Всеобщий источник всякого, в том числе и чувственного наслаждения, есть целесообразность. Мы назовем наслаждение чувственным, когда целесообразность не очевидна для нашей мысли, но лишь по закону необходимости имеет своим физическим следствием чувство наслаждения. Так целесообразное движение крови и жизненных сил в отдельных органах или в целом организме производит в нас ощущение физического удовольствия во всех его видах и формах; мы чувствуем эту целесообразность чрез посредство приятного ощущения, но мы не можем представить ее себе ни в определенном, ни в неясном виде.

Наслаждение свободно, когда мы имеем представление целесообразности, и приятное ощущение сопровождает представление; таким образом все представления, при посредстве которых мы познаем гармонию и целесообразность вещей, являются источниками свободного наслаждения, и в этой мере способны служить искусству для этой цели. Они разделяются на следующие виды: доброе, истинное, совершенное, прекрасное, трогательное, возвышенное. Добрым занимается наш разум, истинным и совершенным - разсудок, прекрасным - разсудок с воображением, трогательным и возвышенным - разум с воображением. Правда, уже и чувственное приятное ощущение или сила, приведенная в деятельность, также доставляют нам наслаждение, но искусство пользуется приятным физическим ощущением лишь для того, чтобы присоединить его к высшим чувствам целесообразности; само по себе оно сливается с прочими физическими чувствами, и искусство отвергает его, как и все чувственные наслаждения.

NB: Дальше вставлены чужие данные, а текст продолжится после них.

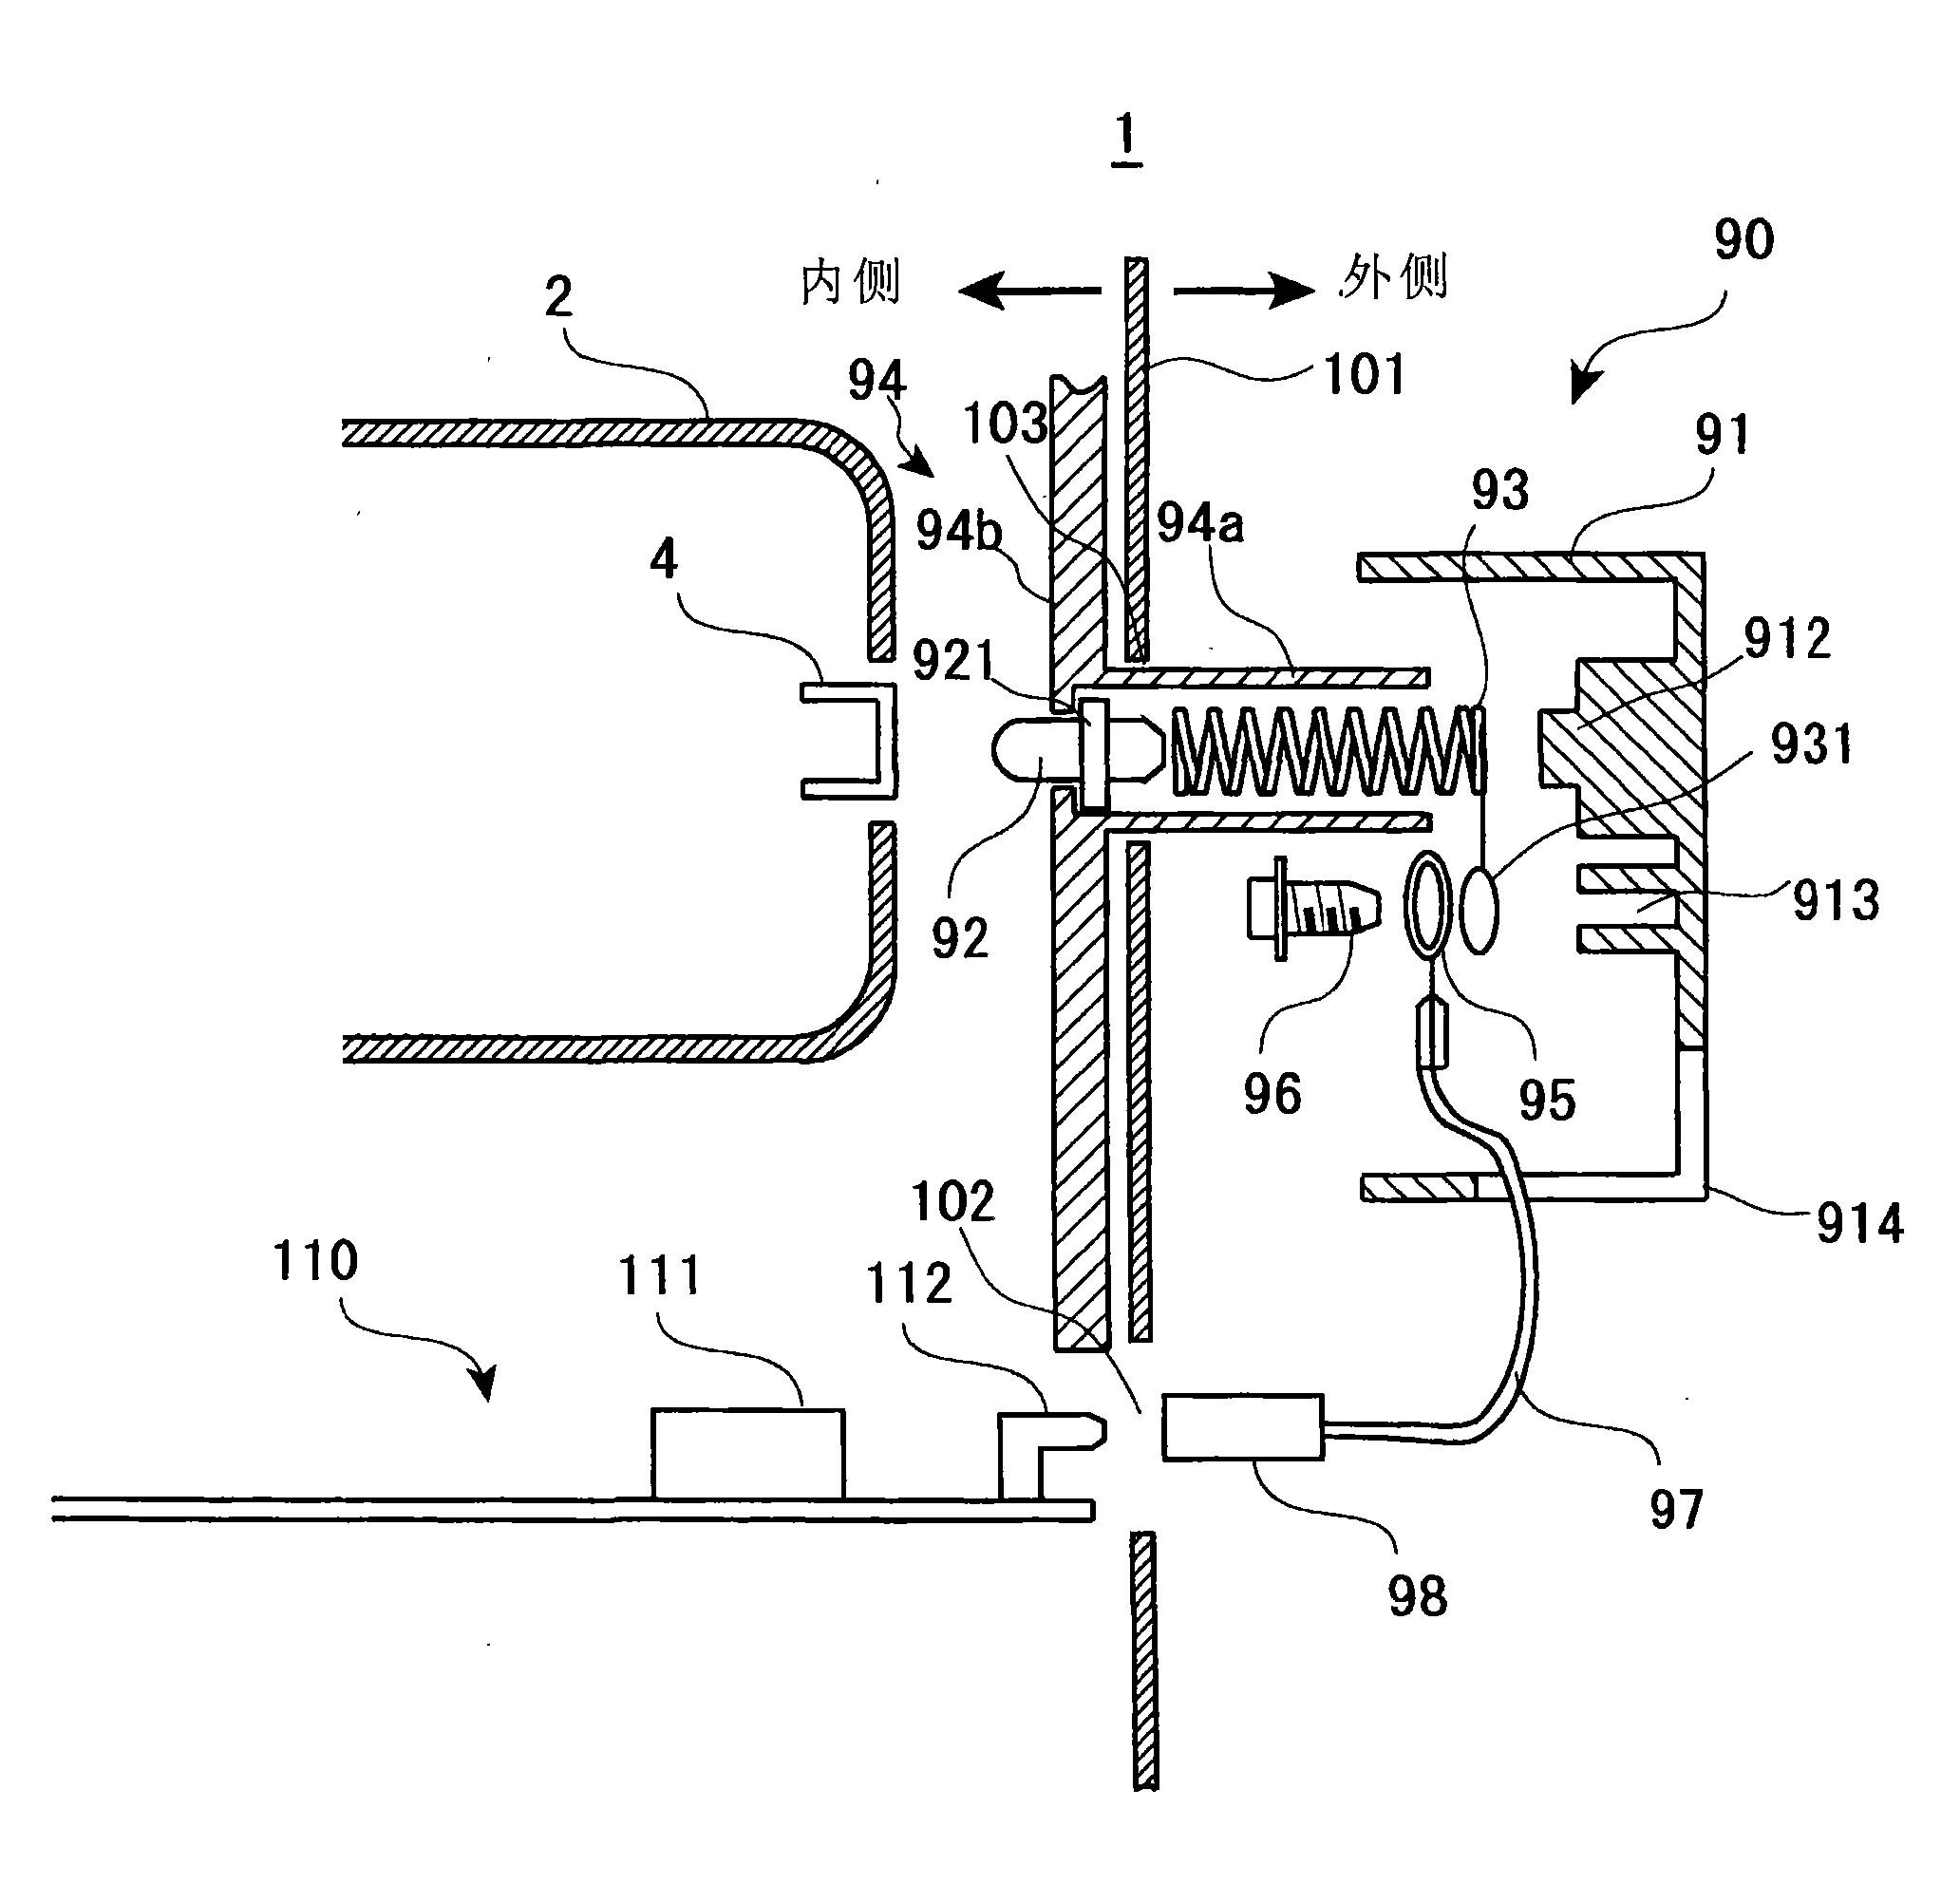 Power supply circuit, image forming device, power panel and processing unit
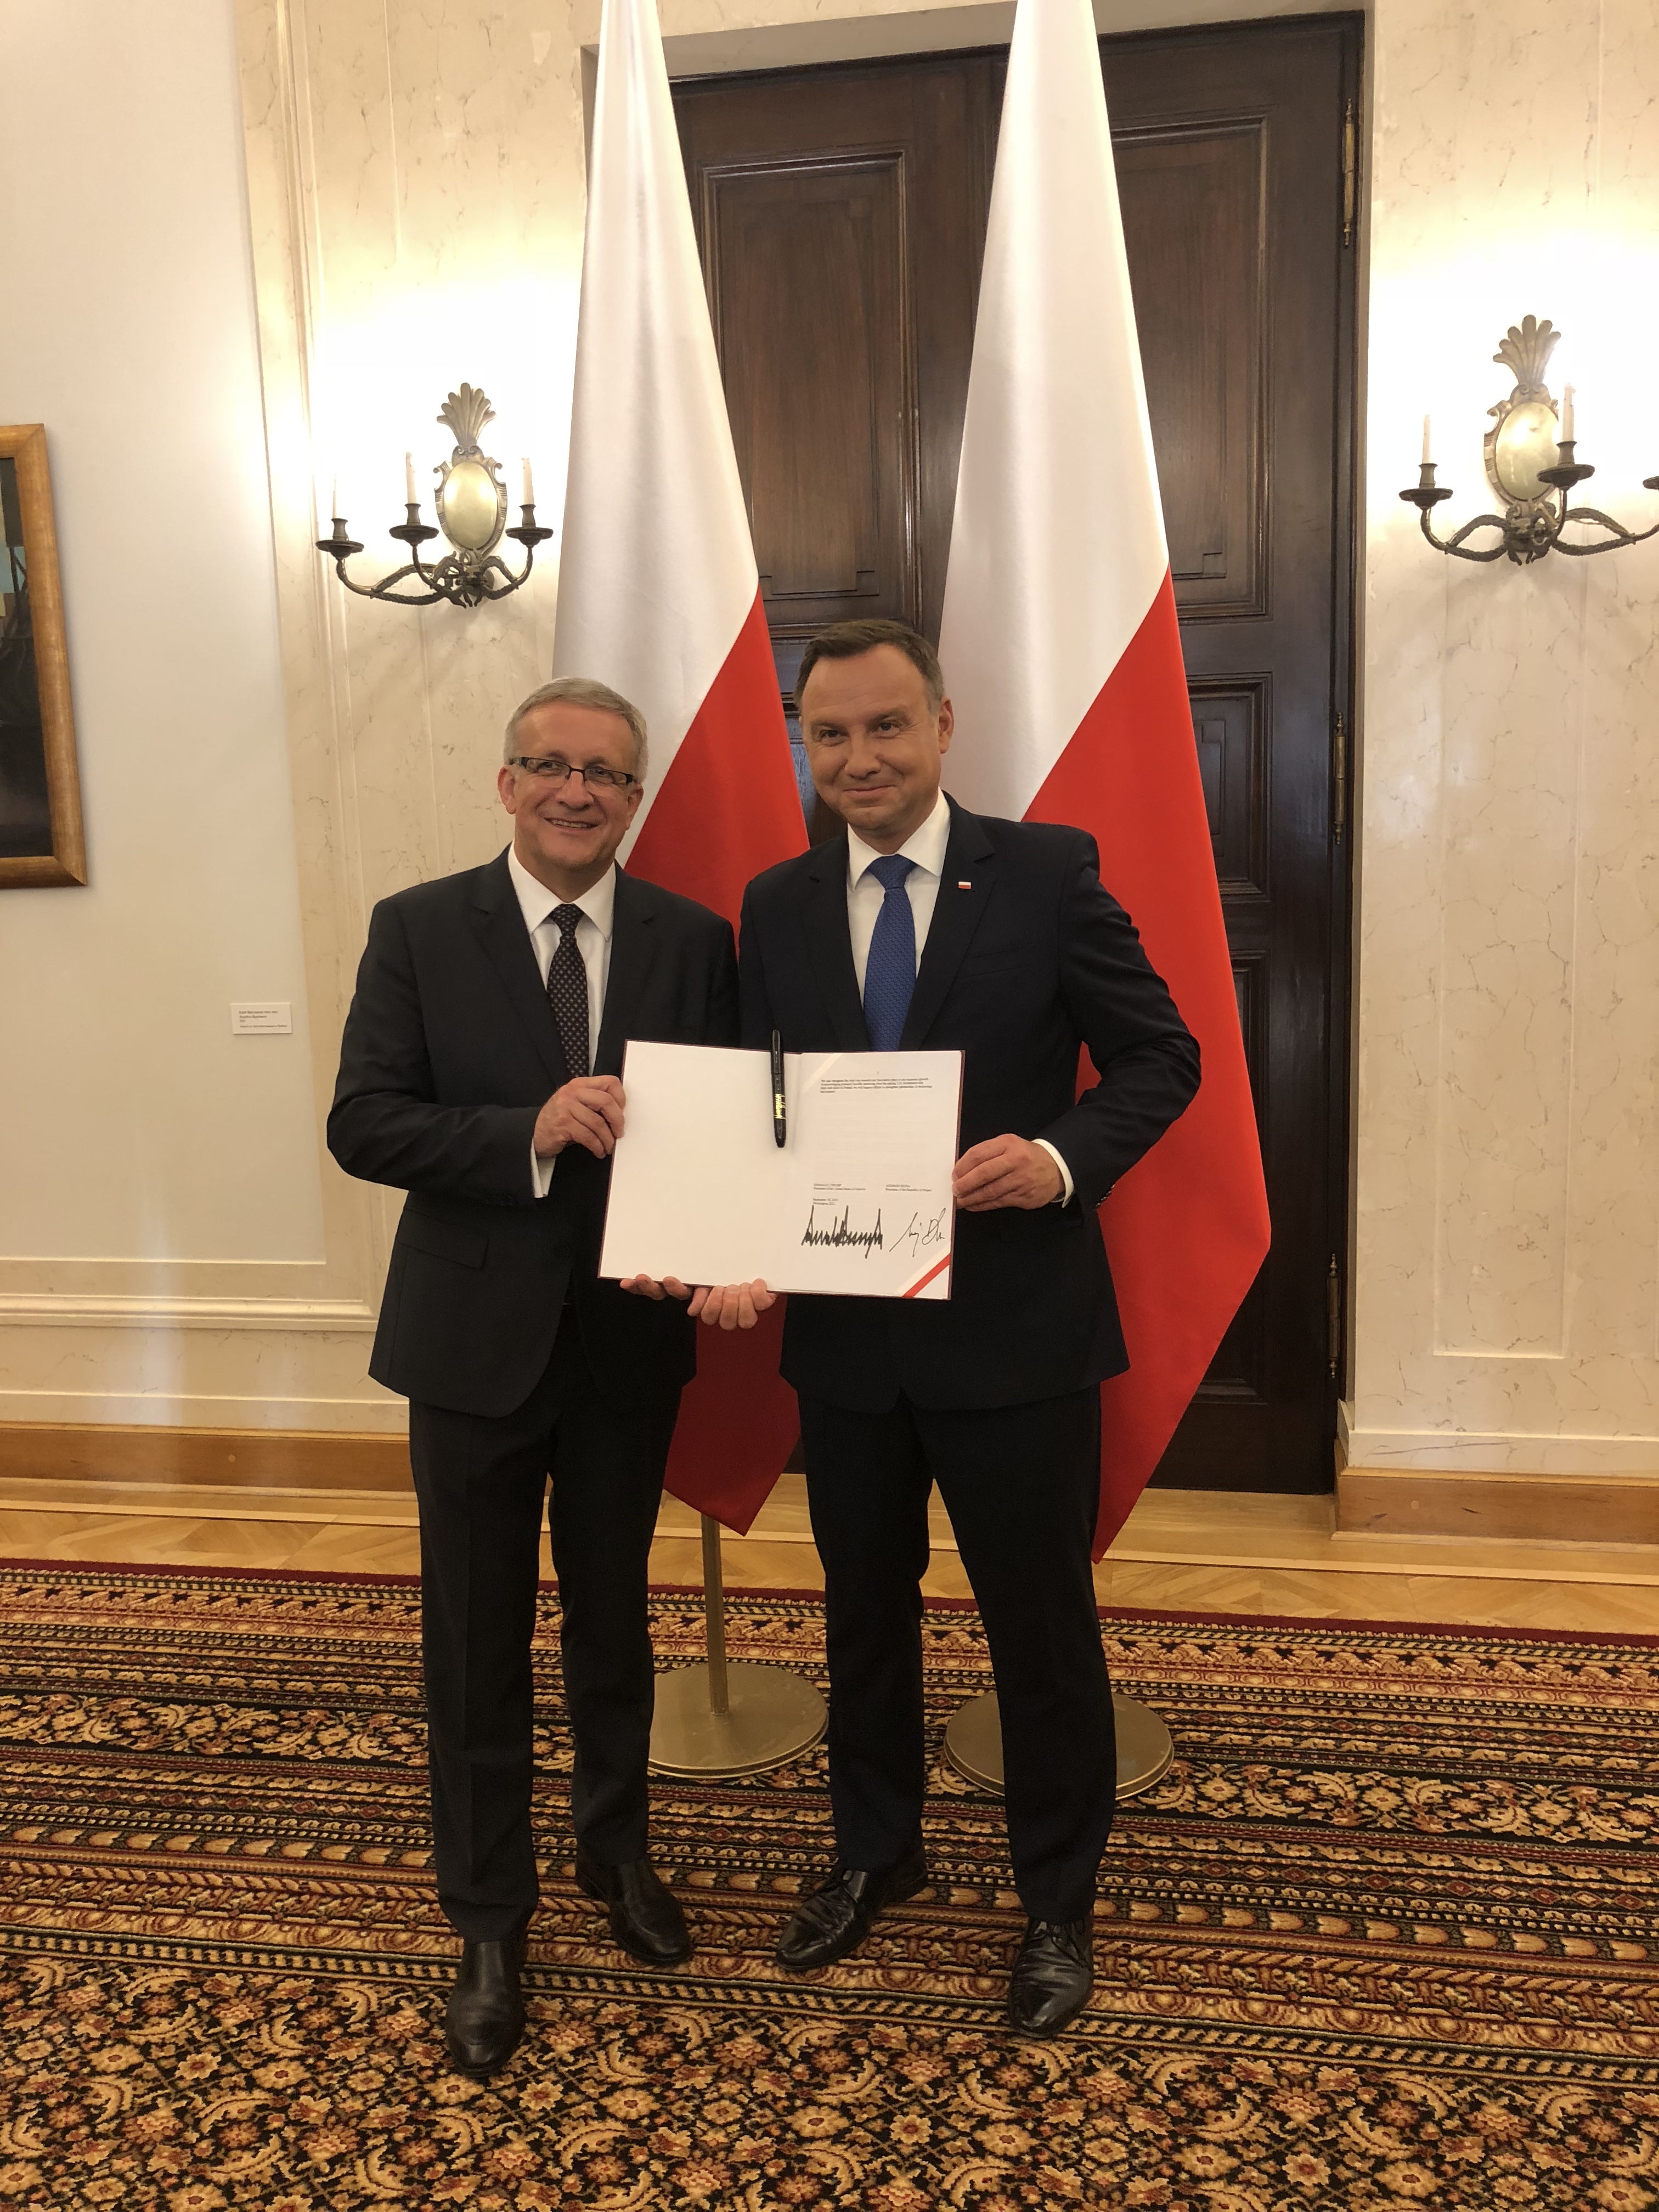 President of Poland gives PSFCU a copy a copy of the Declaration of Cooperation together with the original marker

Разнообразие источников, из которых искусство черпает наслаждения, доставляемые нам, само по себе не дает еще нам никакого права классифицировать искусства, так как в одном и том же виде искусства могут сливаться многия, а часто и все виды наслаждения. Но поскольку известный вид наслаждения является главной целью, он может служить если не для выделения особого рода искусства, то хоть для особой точки зрения на произведения искусства. Так например те искусства, которые по преимуществу удовлетворяют разсудок и воображение, те, стало быть, которые имеют своей главной целью истинное, совершенное, прекрасное, - можно объединить под названием изящных искусств (искусств вкуса, искусств разсудка); те, наоборот, которые занимают по преимуществу воображение и разум и, стало быть, имеют своим предметом доброе, возвышенное и трогательное, могут быть выделены в особую группу под названием искусств трогательных (искусств чувства, сердца). Конечно, невозможно совершенно отделить трогательное от прекрасного, но прекрасное может вполне обойтись без элемента трогательного. Итак, если это разнообразие точек зрения не может служить основой для исчерпывающей классификации свободных искусств, то оно дает по крайней мере возможность определить точнее основные начала суждения и избегнуть путаницы, которая становится неизбежной, когда при определении эстетических законов смешиваются совершенно различные области трогательного и прекрасного.

есть следствие противоположного - они дают ощущение целесообразности, предполагающей нецелесообразность.

Чувство возвышенного состоит, с одной стороны, в чувстве нашего безсилия и неумения охватить известный предмет, но с другой - в чувстве нашей мощи, которая не знает границ и духовно подчиняет себе то, пред чем преклоняются наши физическия силы. Таким образом предмет возвышенного сильнее наших физических сил, и эта нецелесообразность необходимо должна вызывать в нас известное неудовольствие. Но эта нецелесообразность в то же время является причиной сознания иной нашей способности, которая сильнее того, пред чем оказалось безсильным воображение. Итак именно вследствие того, что он не совмещается с чувственными способностями, возвышенный предмет представляется целесообразным разуму и причиняя страдание при посредстве низших способностей, доставляет удовольствие чрез посредство высших.

Быть тронутым в строгом смысле слова значит испытывать смешанное ощущение страдания и удовольствия, вызываемого этим страданием. Таким образом быть тронутым своим же несчастием возможно лишь в том случае, когда страдание от этого несчастия достаточно умеренно, чтобы дать место удовольствию, какое испытал бы при этом сострадательный свидетель. Потеря значительного имущества в данный момент поражает нас горем, и наше горе трогает зрителя; но через год - мы сами уже лишь растроганы, когда вспоминаем об этом горе. Слабый всегда - жертва своего страдания, для героя и мудреца величайшия личные несчастия лишь трогательны.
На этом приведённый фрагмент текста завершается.